Brandeis University’s Center for Excellence identifies the best practices for PDMAs. But we live in an age where uniform standards are anathema. It’s just not going to happen, so we’ll have to live with the current chaos – which, however inadequate, is better than nothing.
Community Mobilization
While there is much that can and should be done at the doctor-patient level to fix the opioid problem, such efforts cannot solve the problem. We can actually map the crisis across the country and identify specific communities that have been devastated by drug abuse. The conference highlighted efforts in eastern Kentucky, where in some counties half the children are being raised with no parents in the home (the parents being dead from overdoses, incapacitated by addiction or in prison). Under Operation UNITE, the community has responded with a combination of drug enforcement, coordinated treatment, support for families and friends of abusers, education and mentoring for young adults. They teach kids archery and fishing, among other things, surely an example of putting the beautiful natural surroundings to good use.
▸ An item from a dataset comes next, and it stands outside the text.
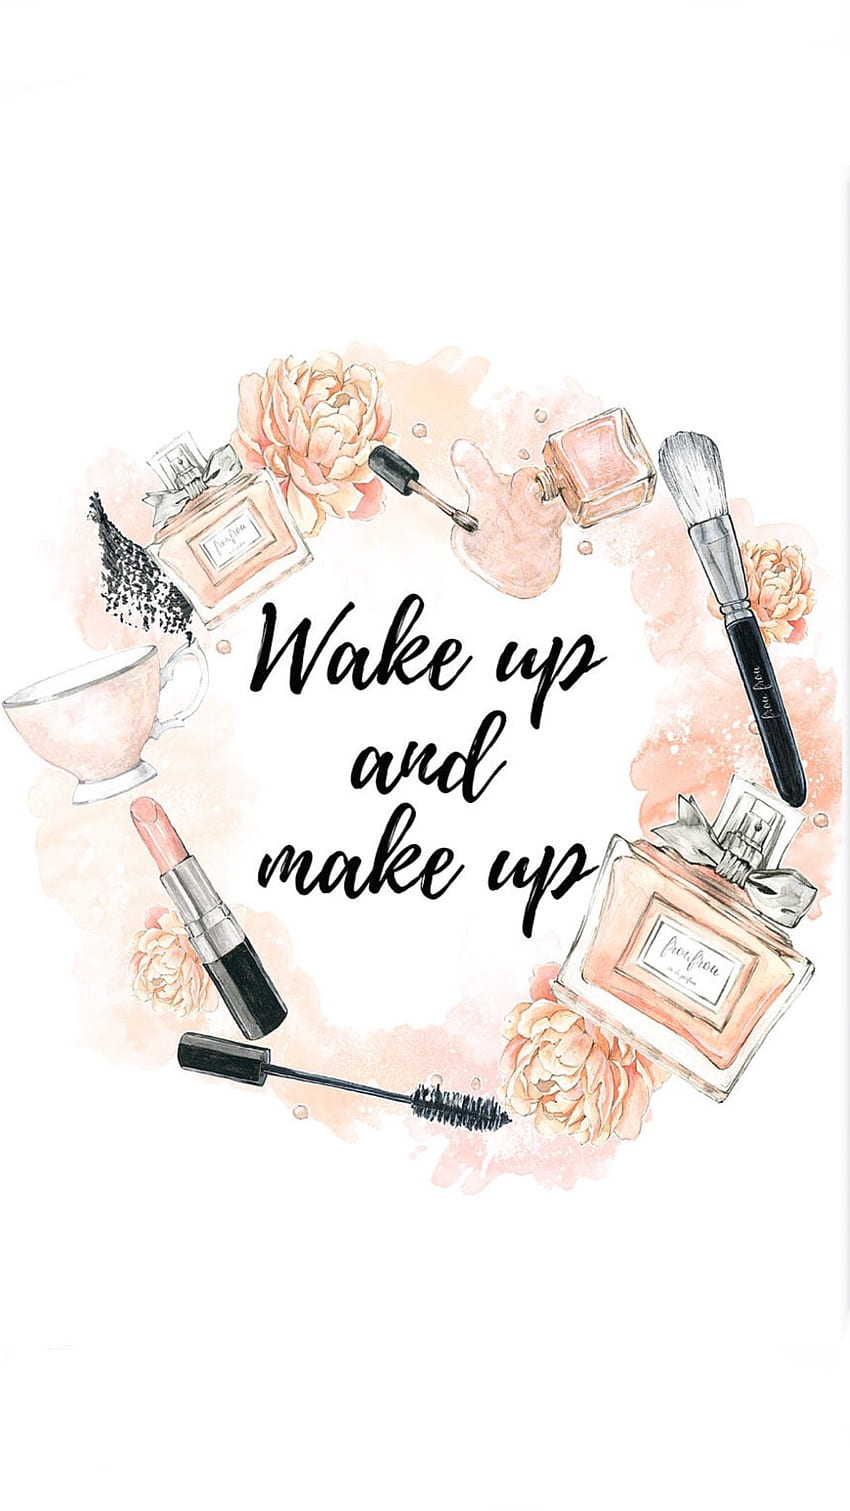 Gertrude Smith on Skin care in 2020. Makeup illustration, Makeup , Makeup logo, Makeup Quotes HD phone wallpaper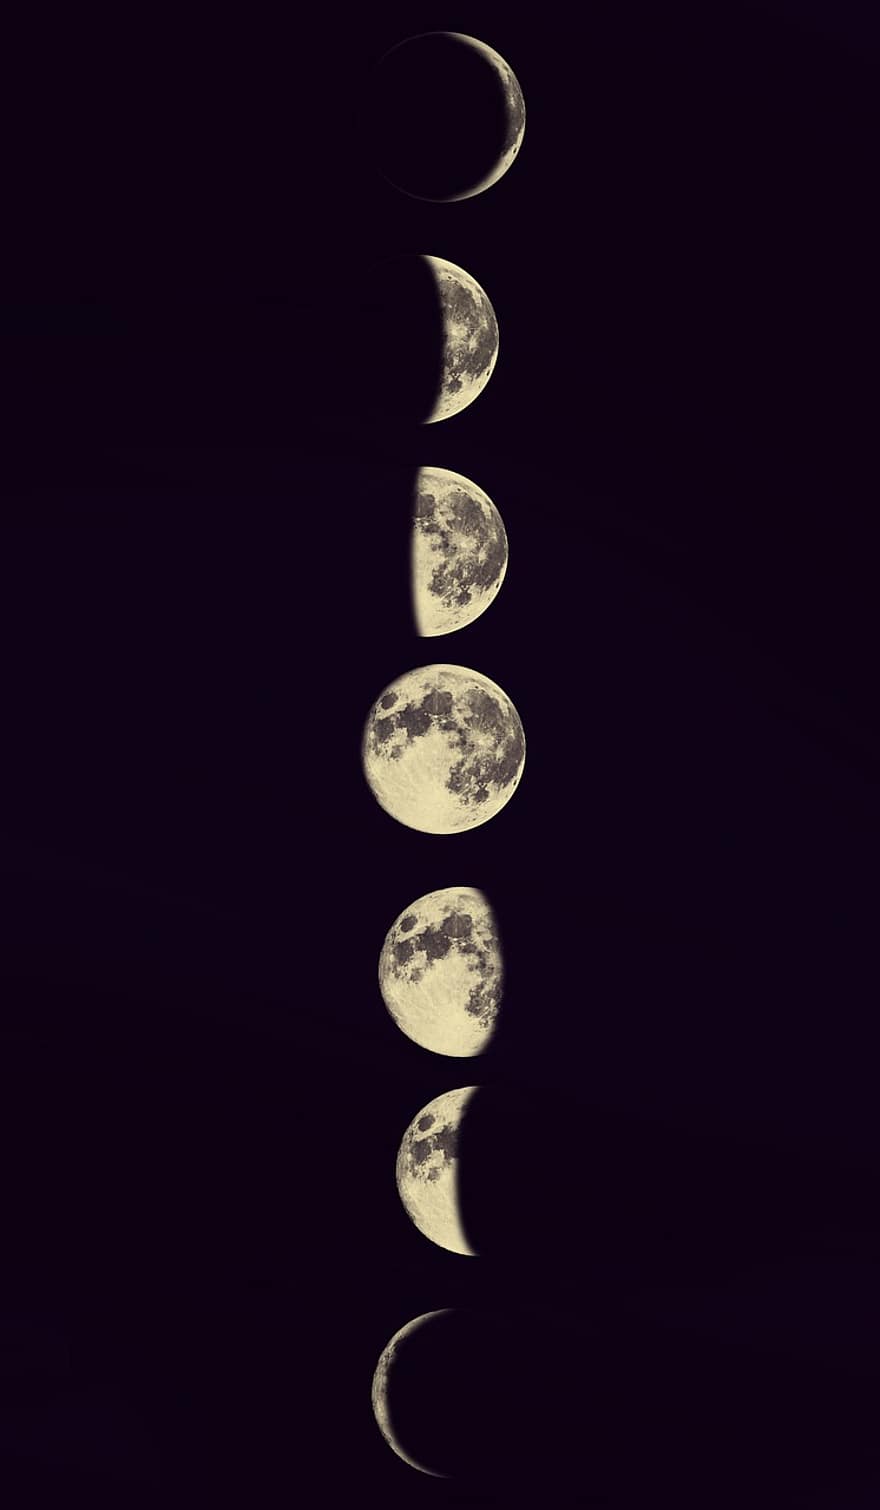 księżyc, faza Księżyca, noc, planeta, przestrzeń, tła, symbol, kula, ilustracja, błyszczący, Mapa świata

It is hardly surprising that one focus of UNITE is the pill mills that are frequently found in poor, rural areas. One doctor prescribed over 100,000 pills a month (!) by issuing 40-50 scripts each day (!). Don’t bother asking whether Dr. Hashimoto’s standards of treatment were followed.
The Path to a Cure
The WCRI conference illuminates the path toward solving the opioid abuse catastrophe: teach doctors how and when to use these powerful drugs and how to find alternative treatment forms; carefully monitor injured workers on opioids to ensure proper use; severely limit the use of these drugs over the long term; monitor prescription practices to identify doctors who are not with the program; and provide support, mentoring and education to young people in high risk communities.
There are many obstacles to implementing a comprehensive and effective program, but in those areas where key elements have been established, the incidence of opioid abuse has been dramatically reduced. It is ironic, of course, that the stakeholders who must “do no harm” are in fact in the forefront of the problem. They can and must do better. Medicine got us into this mess and it is medicine, with its highly trained and presumably well-intentioned practitioners, that must lead the way out.